I would also say that as we go through the year, the largest quarter is the fourth quarter we had a particularly strong fourth quarter last year, so it probably makes sense to be a little bit more conservative on our outlook at the end of the year.
Hopefully when we're talking to you again in July, we will have a higher level of visibility on business momentum towards the close of the year and be able to modify our outlook appropriately..
I think Gene covered it pretty well, Tycho, I think, we clearly had a very strong first quarter even when you discounted for the base and for the extra selling days.

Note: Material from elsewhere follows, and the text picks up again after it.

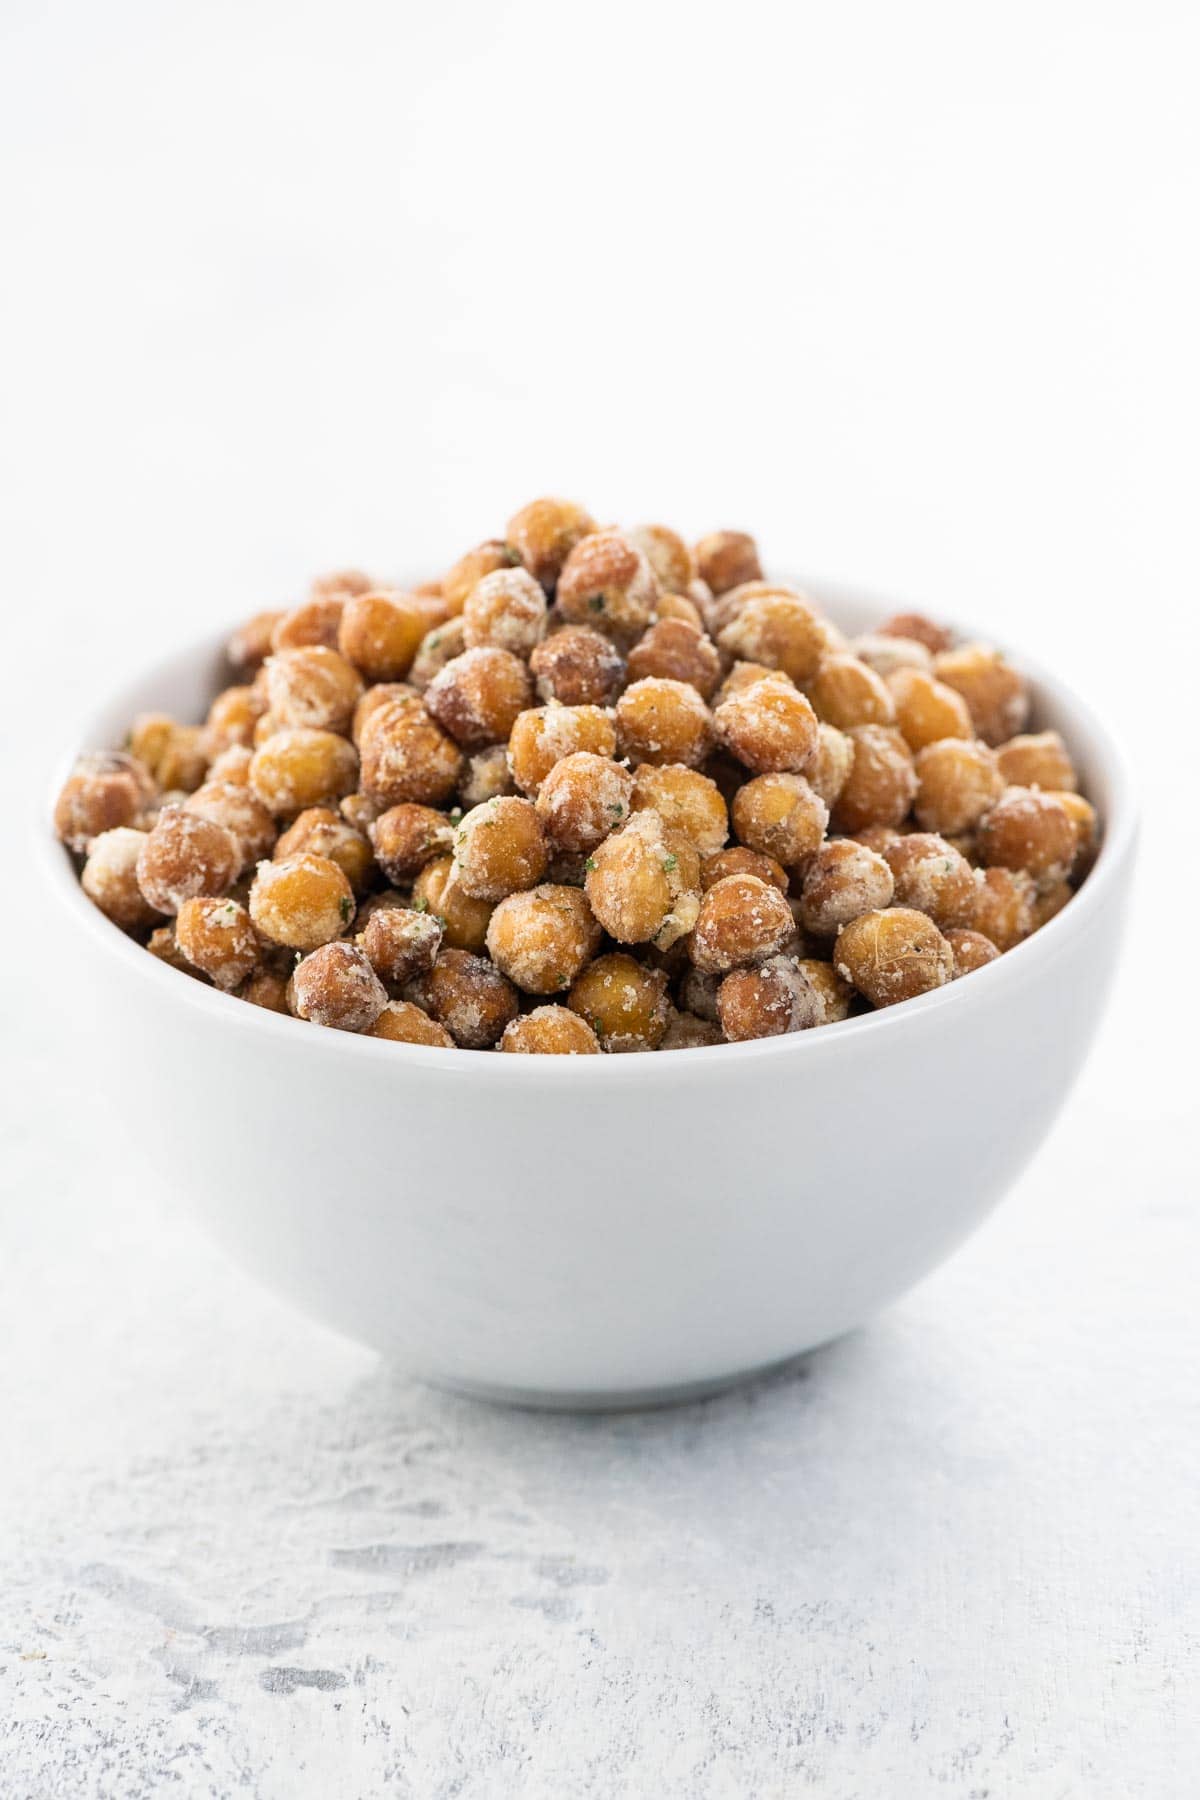 oven roasted chickpeas in a small white bowl

No matter, how you estimate that effect, we're still around at 10% organic rate even if you cleansed it, so it's pretty impressive and if you look at our trailing 12 months results, we're at that 8%, 9% organic growth rate, so all of that's very encouraging but we're still being careful I would say early in the year, to not get too much ahead of ourselves.

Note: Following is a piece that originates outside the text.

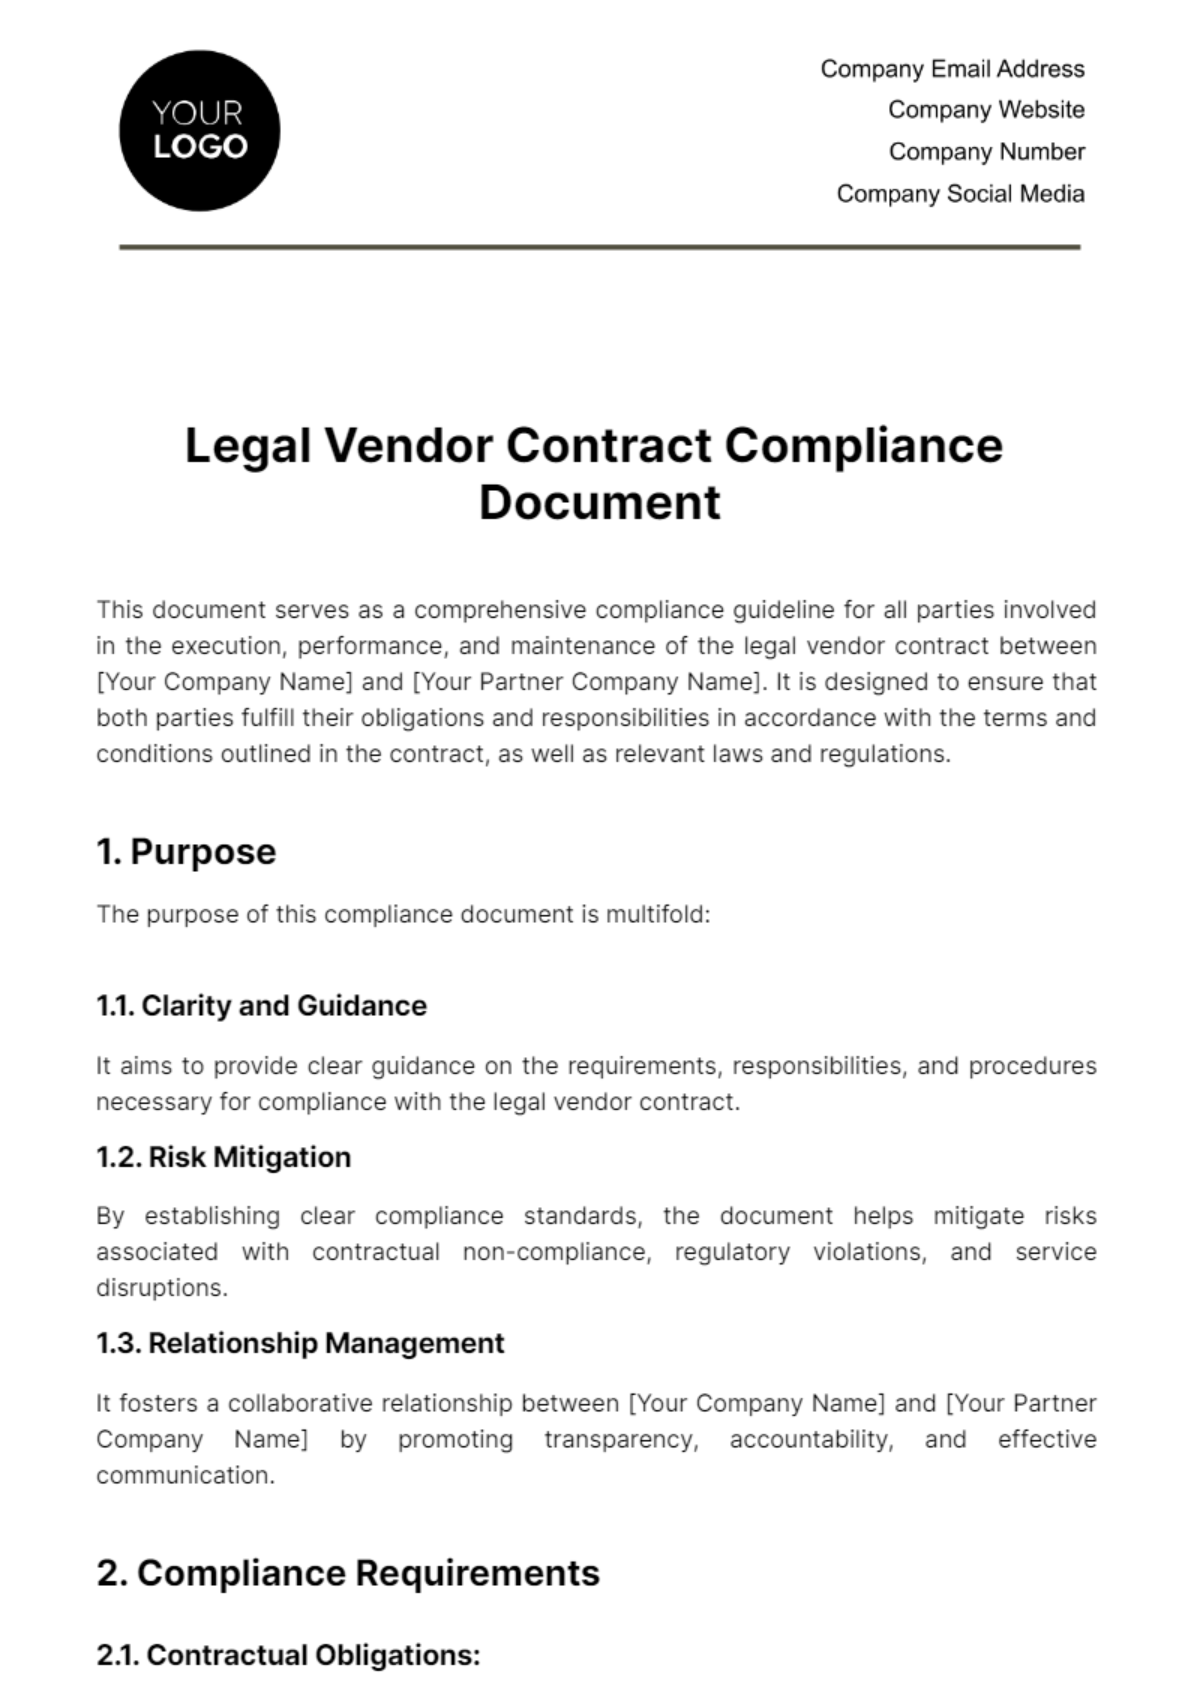 Free Legal Vendor Contract Compliance Document Template

So I think it's fair to say there are current conditions could lead to better results but we want to be careful early in the year..

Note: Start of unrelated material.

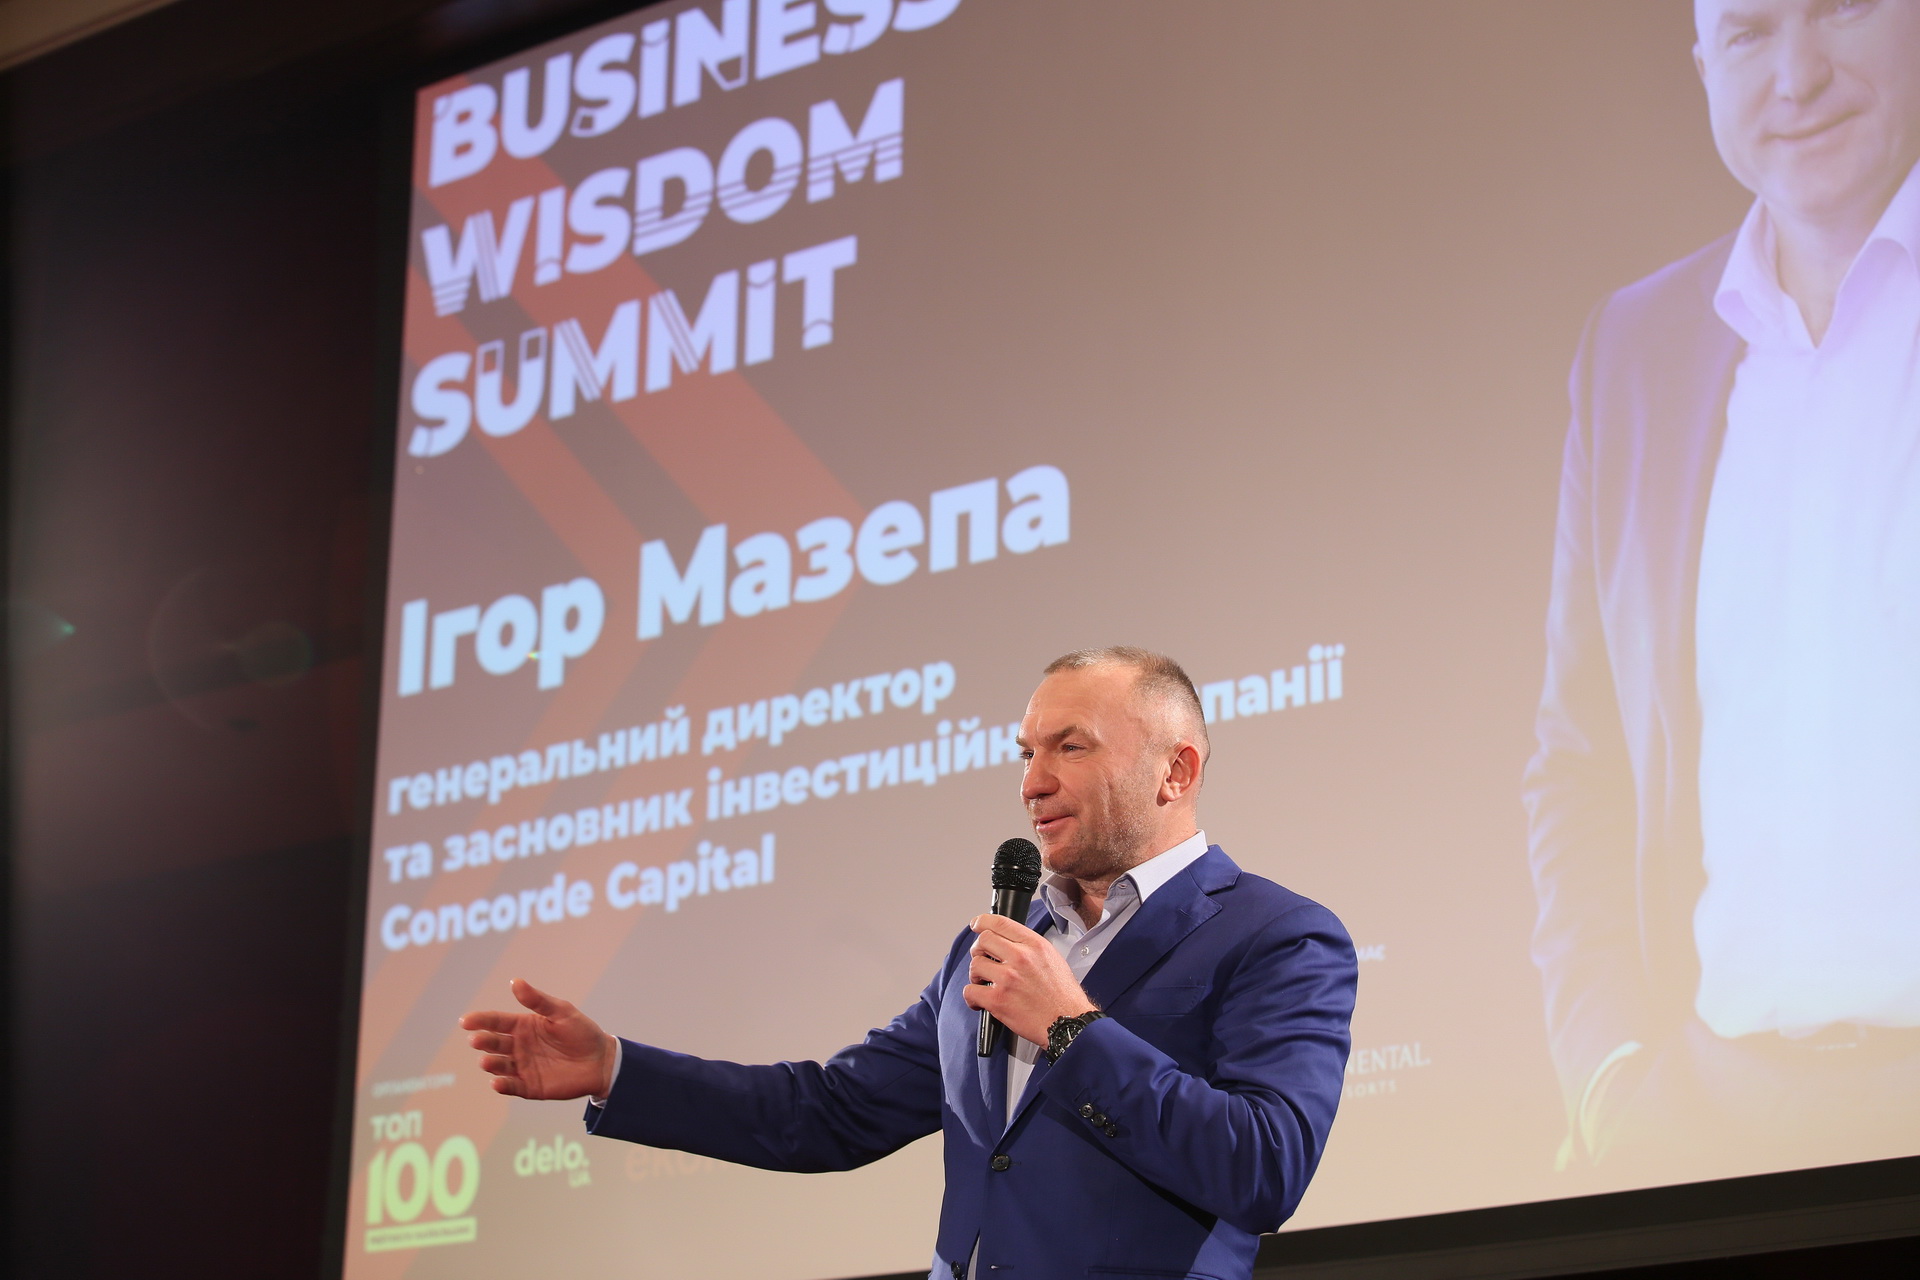 Business rules from Igor Mazepa

And then just one last one, Doug. Can you comment on the 20% U.S. constant currency growth. That really stood out.
You obviously had an easier comp, but was that all pharma or a TA recovery? What drove the 20% here?.
Well, certainly the life science market was since by far the biggest market is that life science market that grew with that high double-digit rate but interestingly all the markets contributed double-digit growth rates, I think I'm right..
Yes, and the other thing, Tycho, is that in the quarter in the U.S. as well as globally, you know the strength of the recurring revenues was pretty encouraging for us.
Again we understand, that that revenue line benefits most from extra selling days but again even accounting for that at a minimum you're looking at what is now a pattern and a high single-digit growth rate for our recurring revenues on a constant currency basis, and that's something is very encouraging as we project out through the remainder of the year..
As Gene mentioned that something I would like to emphasize, it's interesting that in the service and support market place in the last four or five may be plus years a number of competitors have emerged to try to address the broader service market. And essentially take share from us by servicing Waters gear around the world.
And I am sure you're familiar with all of the players who advertise that they can service and support Waters and everybody else who is in the analytical libratory. I think it's telling that our strategy is clearly not to do that, we focus on our business, we train the best service people, we support our instruments.
What that's led to is a service business that continues to grow at the double-digit pace and in this past quarter grew even much stronger than that.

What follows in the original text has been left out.